Breen serviu-se uma taça generosa. Virou a primeira sem nenhuma classe. Deu um murro na mesa. Serviu-se, e novamente, e do mesmo modo virou a segunda. Pareceu se acalmar por alguns minutos. Ficou pensativa e cabisbaixa. Os 30 minutos se passaram, algumas horas se passaram, assim. Seu comunicador, removido da orelha, apitava com os contatos sem resposta de Montreux. Ela parecia estar vivendo sua própria Guantánamo.

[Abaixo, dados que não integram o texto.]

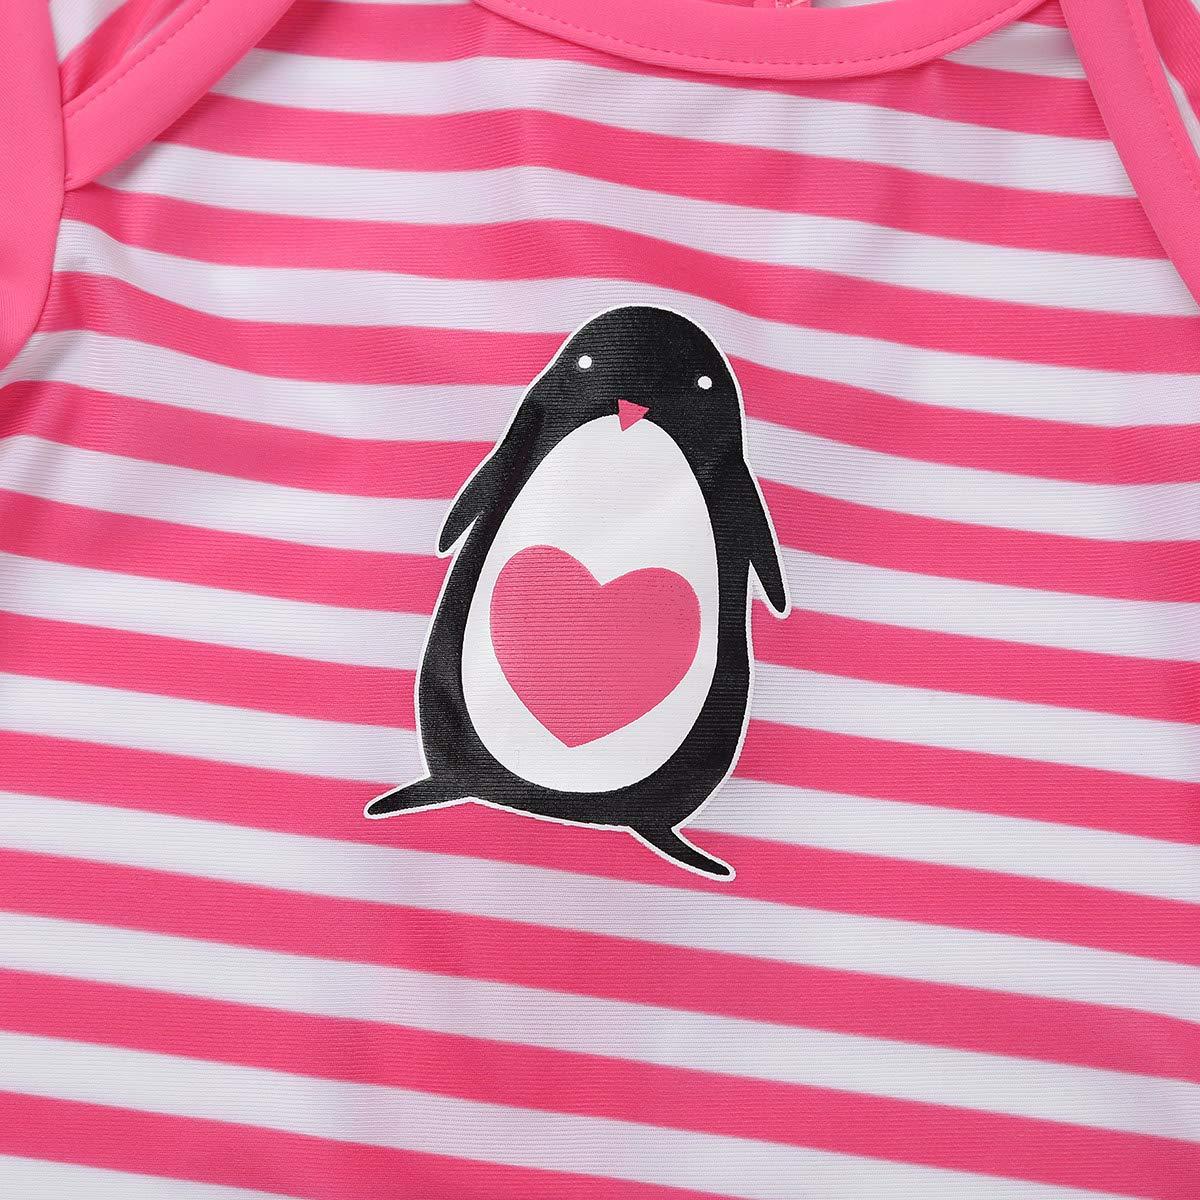 Agoky Infant Baby Boys Girls One-Piece Stripe Swimsuit Swimwear Rash Guard Bathing Suit

Sua introspecção só foi quebrada, quando efetivamente começou a pensar numa contramedida, mas mesmo isso se mostrou insuficiente, pois como se nada pior pudesse acontecer, ela entrou em pânico ao ver numa tela ela a delegada Jordan no local do combate, e - pior ainda! - no outro monitor (o menor) o alarme na sala do escritor soar. Ela se levantou, esvaziou a taça de vinho, e foi até a mesa. Era meia-noite, e mesmo sem entender como ou porquê ela assistiu suando frio a Brooklet, Marisa e Sándor juntos dentro da cela de contenção. Havia um tipo de portal aberto atrás delas, e imediatamente, um outro surgiu dando para fora da cela de contenção. Desesperada, Breen apertou o botão vermelho! Nenhuma contramedida poderia ajudá-la naquele momento. Era hora do tudo ou nada, ela despejaria poder de fogo em qualquer um que invadisse a base e, mais ainda, em quem se aproximasse da Hamington.
Após o clique no botão, um alarme barulhento começou a soar, luzes vermelhas a piscar. Uma voz robótica começou a gritar nos alto-falantes: "Atenção! Isso não é um teste! Falha de contenção! Falha de contenção! Setor de Contenção em Lockdown!'. Breen havia sido passada para trás - Disso ela tinha certeza - Mas como?
Continua...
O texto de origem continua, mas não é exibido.